Мы не смогли разбудить пожилую хозяйку, а Эдвард куда-то пропал. Было уже очень поздно, далеко за полночь. Я позвонила еще пару раз, а потом Хендерсон выругалась и выломала окно.
В доме было тихо. Мы зажгли свечи на кухне. Хендерсон помогла Павлину смыть с лица красную жидкость, а потом он помог ей. Они не сказали друг другу ни слова. Все делалось молча.
Павлин заявил, что ему хочется есть. Мы облазили все шкафы, но нашли только кошачью еду и большую жестяную банку сливок. Кошек мы в доме не видели; только тени, мягко скользящие в сумраке, и зеленые проблески в темноте. Хендерсон откопала бутылку виски, и мы выпили по чуть-чуть.
Потом разобрались с зеркалом.
Соблюдая все необходимые меры предосторожности, в тишине, мы завернули осколок в кусочек бархата из тех, что мне выдал Кингсли. Красная жидкость по-прежнему сочилась из зеркала – из дыры в ткани мира, проделанной этим стеклом. Я понимала, что мы сейчас соприкасаемся с неким потусторонним чудом, с чем-то, что пребывает за гранью привычной реальности. У меня тряслись руки. Мы плотно прижали завернутый в бархат осколок к стенке чемоданчика, чтобы остановить этот нездешний поток. Будем надеяться, это поможет. Никто из нас не смотрел на зеркало. Только сбоку, под определенным углом, чтобы даже случайно не увидеть свое отражение или отражение кого-то другого.

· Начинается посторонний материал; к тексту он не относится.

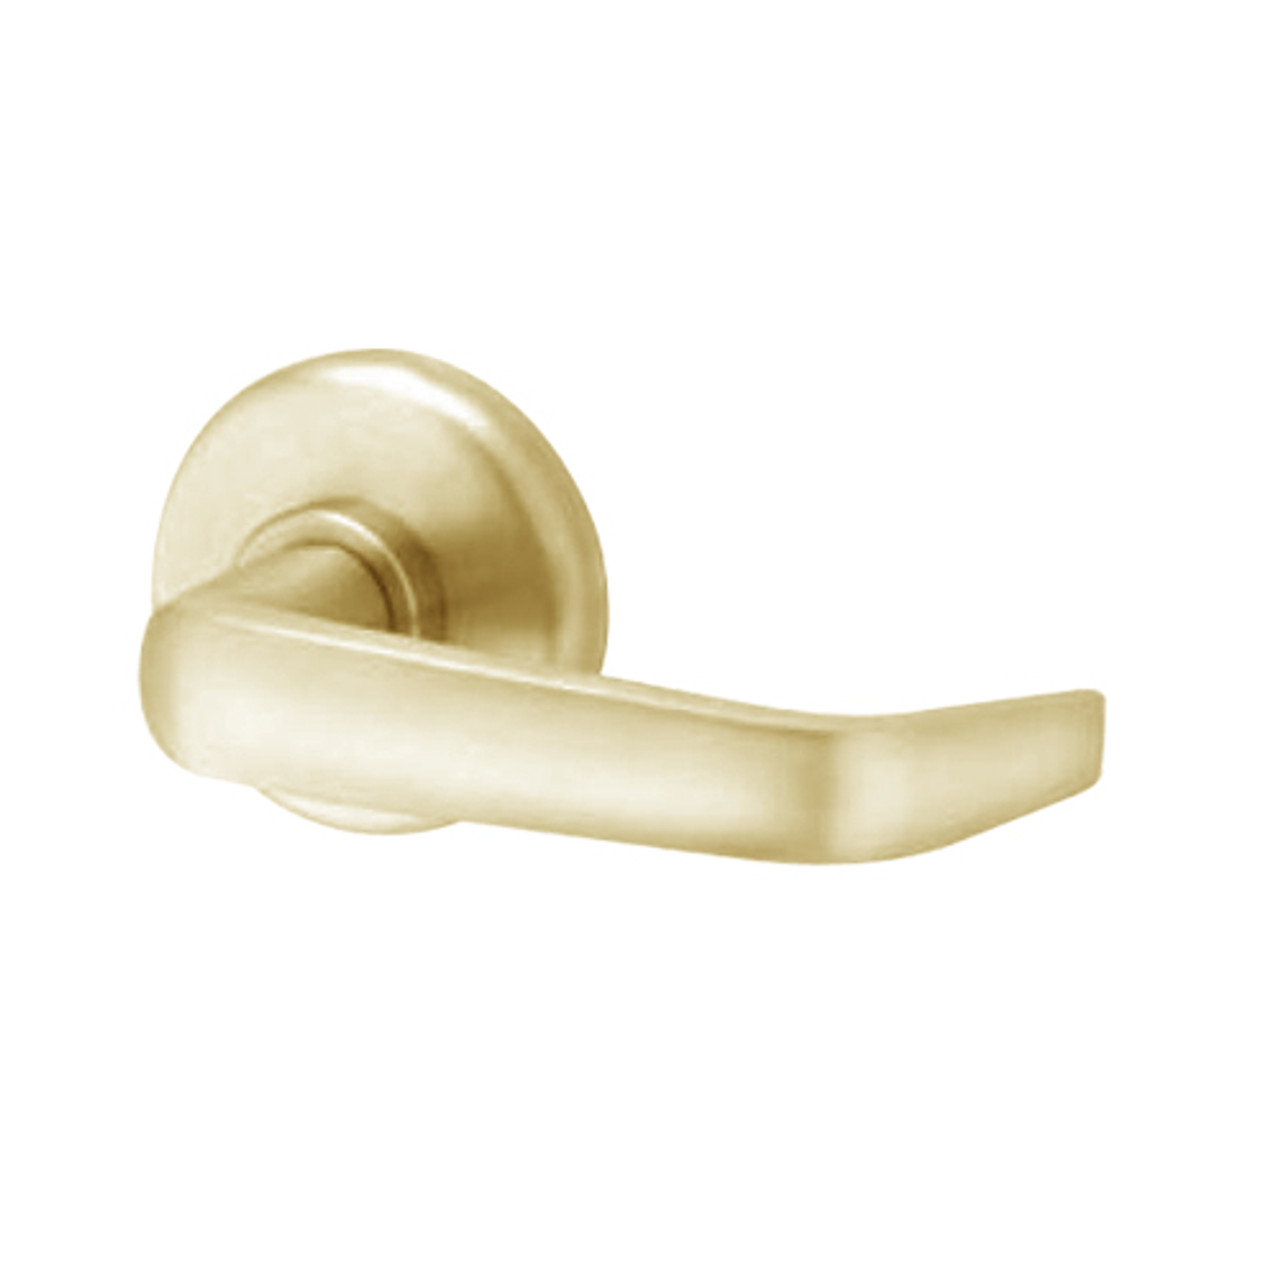 40HTKOS115H606 Best 40H Series Trim Kits Outside Lever Only with Contour w/ Angle Return Style in Satin Brass

Называется: техника безопасности.
А потом все закончилось. Осколок лежал в чемоданчике, рядом с другими, которые мы нашли раньше.

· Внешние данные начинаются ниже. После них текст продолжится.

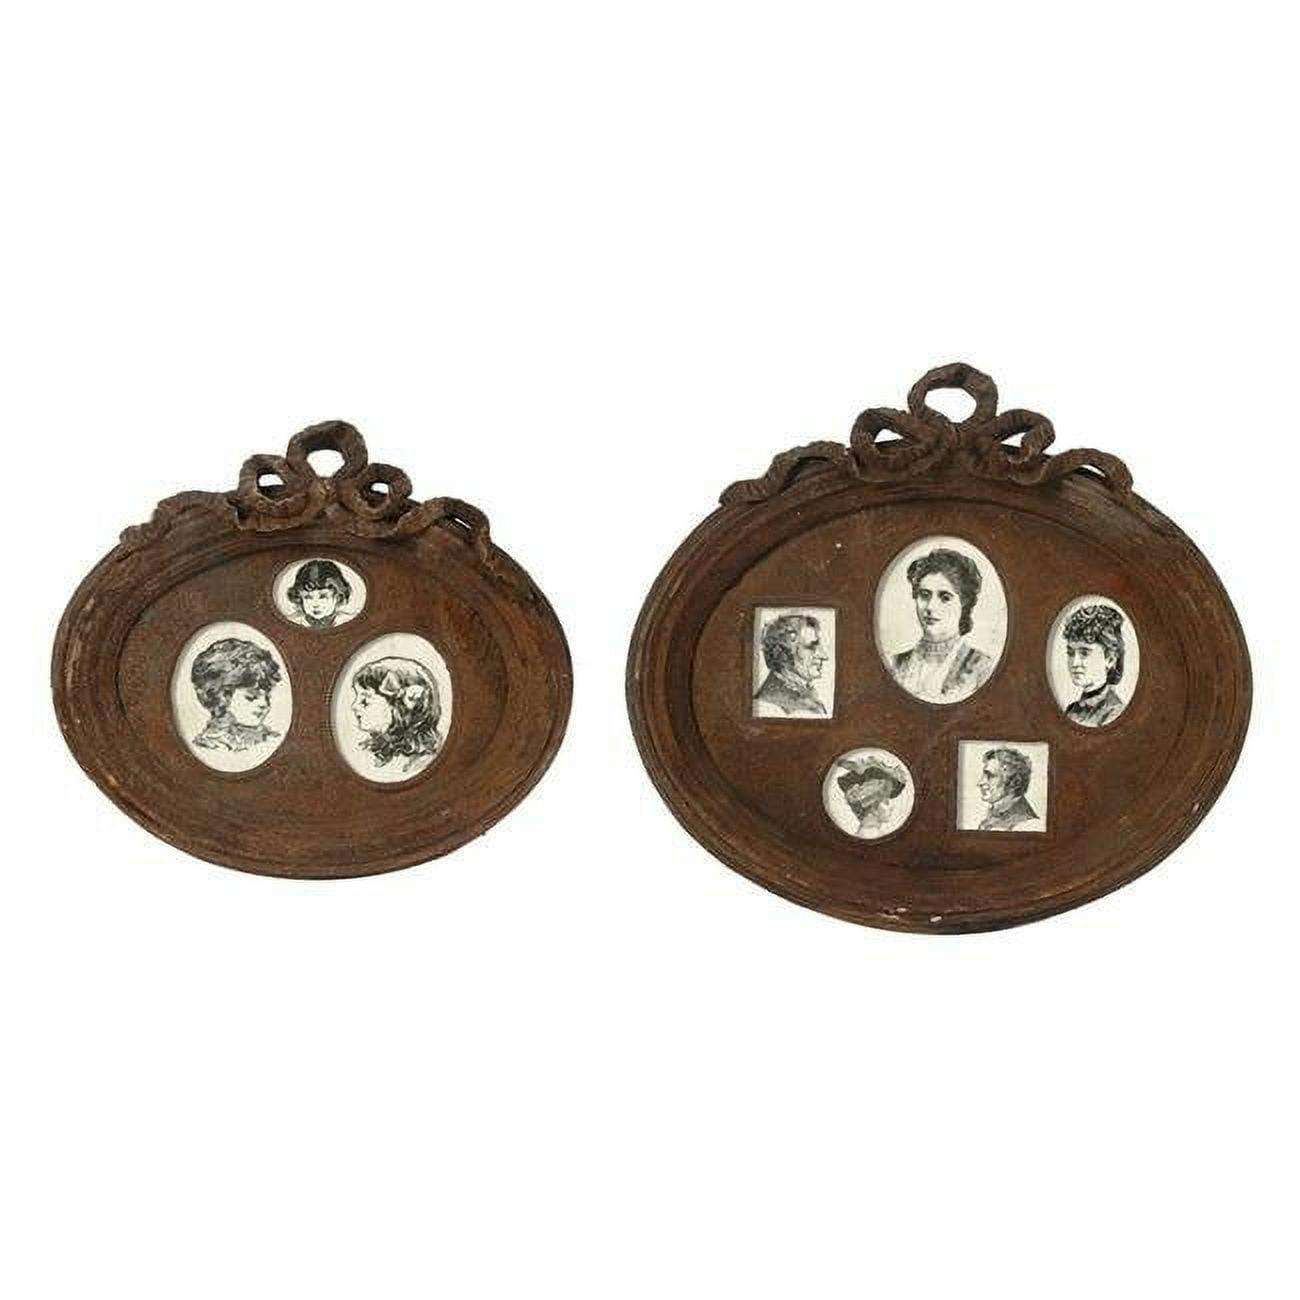 Rustic Brown Ceramic Wall Photo Frame Set with Traditional Carvings

– Ну, вот и все, – сказала Хендерсон. – Вот и все.
– Что-то не так?
– Да нет, все так. Я просто устала.
– Я тоже, – сказал Павлин.
Всего шесть осколков. И у каждого – свое волшебство. Некоторых не хватает. Вот вчера ночью у нас был прокол. И еще пару раз – до того. Так что сейчас их должно было быть семь, или восемь, или даже девять. Я уже потеряла счет. Но шесть – это тоже неплохо. Шести вполне хватит. Ну хорошо. Может, еще один – и тогда уже все. Еще один осколок разбитого зеркала – и на этом мы остановимся. И пусть Кингсли ворчит сколько хочет.
Наверное, сам этот дом, его атмосфера, налет серой пыли, пламя горящих свечей, все это вместе, и наша вылазка в турагентство, и то, что мы еще под впечатлением от всего, что случилось сегодня, все это вместе располагало к молчанию. Мы сидели на кухне и пили виски. Павлин выпил больше всех.
– Ну, эта… – сказал он наконец.
– Вот только не надо сейчас начинать, – сказала Хендерсон.
– Так чего с этой девочкой?
– А чего с этой девочкой?
– Она очень даже неплохо управилась.
– А что она сделала? – спросила я.
– А ты не видела, Марлин? Девчонка была хороша.
– Правда?
– Ага. Она набросилась на ту тетку. Выбила у нее камеру. А потом повалила ее на пол и сама тоже упала, прикинь.
Вцепилась в нее мертвой хваткой, и они стали кататься по полу. Это надо было видеть.
– Блядь, – сказала Хендерсон.
– Ты это к чему?
– Может, хватит уже про девчонку?
– Да что с тобой?
– Ничего.
– Бев?
Хендерсон отвернулась.
– А что там было сегодня? – спросила она. – Марлин? – Я не знаю.
– Не знаешь?
– Нет.
Она повернулась к Павлину.
– Мы с тобой танцевали?
– Чего?
– Мы с тобой танцевали сегодня? Ну, после вспышки.
Что было потом? Мне надо знать.
Павлин налил себе еще виски.
– Нет, – сказал он. – Нет.
– Точно?
– Мы не танцевали.
– Ага. Хорошо.
– А почему ты спросила?
– Ладно, проехали.
– Ну, как скажешь. Блин. Что-то мне сонно. – Он залпом допил свой стакан. – Ну, чего, пойдем спать?
– Я еще посижу.
– Ага. – Павлин взял свою сумку. – Хорошо.
И мы остались вдвоем с Хендерсон. Сперва мы молча сидели, и Хендерсон потягивала свое виски. А потом она заговорила:
– Это был пляж. Тропический пляж. Очень красивое место, сплошной золотистый песок, ну, ты знаешь. Как в раю.
И мы с Павлином танцевали на песке. Ты нас видела?
– Как вы танцевали? Нет, не видела.
– Но ты нас видела в комнате? Да?
– Да.
– И как мы смотрелись со стороны?
– Ну, вы просто стояли. Как статуи.
– Мы с ним, оба?
– Да, ты и Павлин. В двух шагах друг от друга.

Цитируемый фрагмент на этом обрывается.